Cities, towns don’t get fair share
Alberta’s industrial taxes go to counties, not urban dwellers
Alberta is a rich province yet its villages, towns and cities have crumbling infrastructure. Why is that? After years of research, Don Good, a Peace River businessman and town councillor from 1998-2010, has come up with a big part of the explanation.
Essentially, Good says, there’s a massive amount of industrial tax money, roughly $1.5 billion each year, that isn’t shared equally among Albertans.
Hundreds of thousands of people living in towns and cities work in the oil industry. They help create that $1.5 billion, but that money isn’t shared much with the communities where they live and where they use costly public services. Instead, almost all of it, $1.4 billion in 2011 alone, went to a lucky number of rural counties.
“The results are towns and cities with infrastructure deficits that are massive, that are not even being addressed, because they can’t,” Good says.
For the past few years, he has travelled the province to give his PowerPoint presentation on the matter, mainly to municipal politicians, industry bosses and provincial leaders such as Municipal Affairs Minister Doug Griffiths and Liberal Leader Raj Sherman.
Alberta’s industrial tax base — the equipment, machinery and pipelines of the oil industry — is mainly located in rural Alberta, Good has found. That is where most of this property exists and where it’s assessed. It’s also where the $1.4 billion stays, but Good says this unequal distribution isn’t fair.
“You can make a pretty good argument that pretty much everyone in Alberta contributes to that industrial wealth. A teacher at NAIT, for example, who is training people for the oilfield, is contributing to that wealth just as much as I am with my computer store in downtown Peace River, or a farmer out in Sunrise County. We are all contributing to that. And yet 94 per cent of the industrial property tax revenue never gets back to 83 per cent of the population.”

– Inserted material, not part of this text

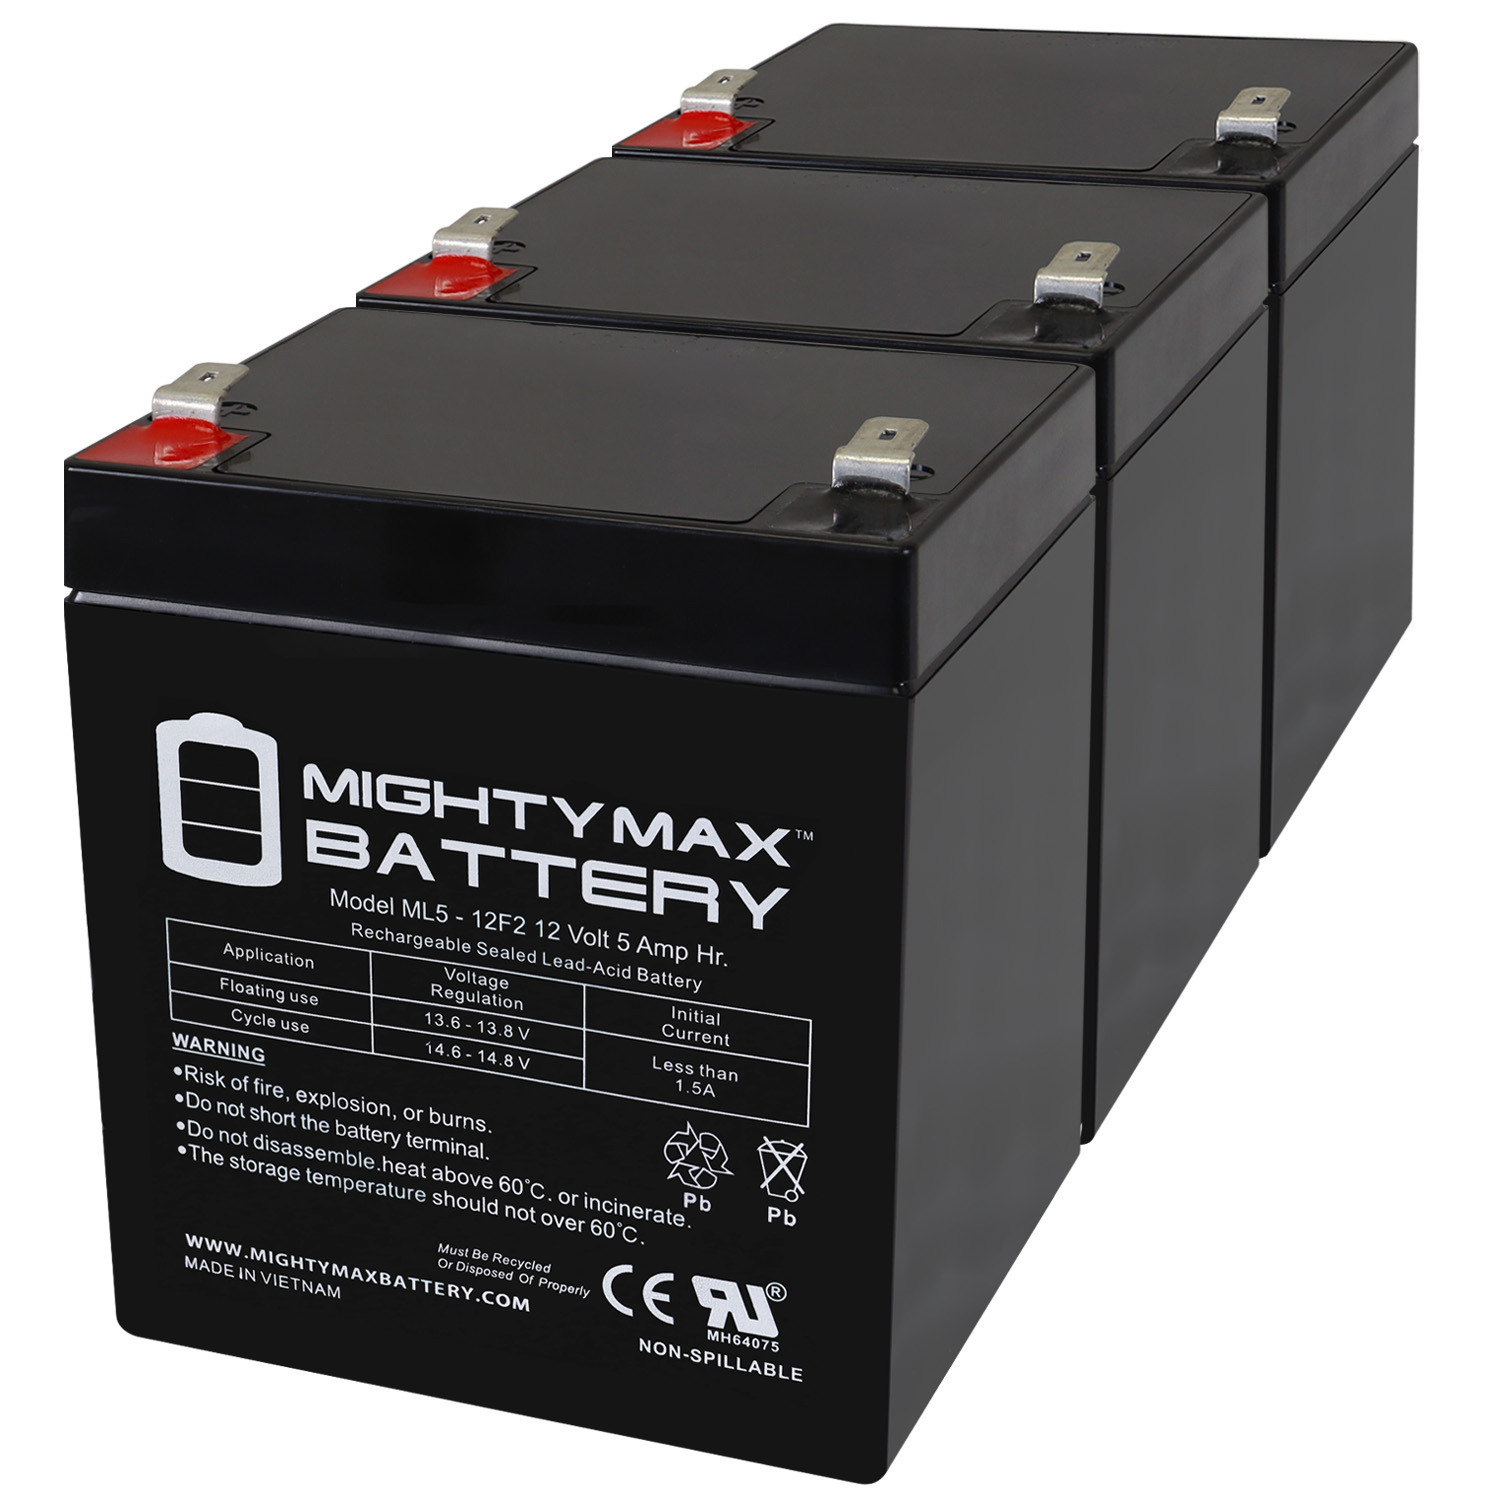 12V 5Ah F2 SLA Replacement Battery for Drift Crazy Cart - 25143499 - 3 Pack

In the Peace River area, for example, the towns got $414,000 in industrial and pipeline taxes in 2011, but the counties got $37.5 million. In Grande Prairie, the city got $3.8 million, nearby counties $34.5 million. In Wainwright, the town got $319,000, the county $24.6 million.
County politicians will say there’s both an economic cost and a nuisance in having all this oilpatch infrastructure and industry on county land. There’s some amount of truth to that.
But Good wonders if we really need almost 350 municipal governments in Alberta, if we can’t cut down on the ratio of politicians to taxpayers, if we can’t end some needless duplication of services, and if the industrial wealth of the province can’t be distributed better.
“The main problem is that over the last 100 years we have divided the province into more than 300 municipalities, and that makes it hard to manage or reach agreements,” Good says.
In Peace River, for example, 18,000 people are governed by eight different councils, a job one council could do.
“You have eight chief administrative officers for 18,000 people. You duplicate a lot just in the administrative structure, then you duplicate a lot in equipment because each municipality has to buy its own equipment rather than the equipment being used across borders.”
The comparative wealth of the counties and towns can also be seen in the salaries of the politicians, Good says. For example, in Grande Prairie, the surrounding rural politicians are paid roughly twice as much as the city councillors. In Peace River, the councillors make at most $18,000 while in a neighbouring county the top salary for a councillor is $60,000. “It’s astounding the differences.”
One solution would be for the province to pull in all of the industrial taxes, then divide it up among the various communities based on per capita grants.
A better solution would be restructuring municipalities across Alberta, Good says.
Cities like Edmonton, Red Deer and Grande Prairie and towns like Peace River and Wainwright could join with the surrounding county land and their related industries. “You’d put all the money together and let the larger community make the decisions,” Good says.
It’s unlikely that county politicians will give up their jobs willingly, so the provincial government will have to lead this effort.
Unfortunately, the Redford government seems unsure of how to handle these regional issues. They appear wedded to the archaic, unfair and inefficient status quo. But maybe Good and the power of his PowerPoint presentations will have an impact. He certainly should.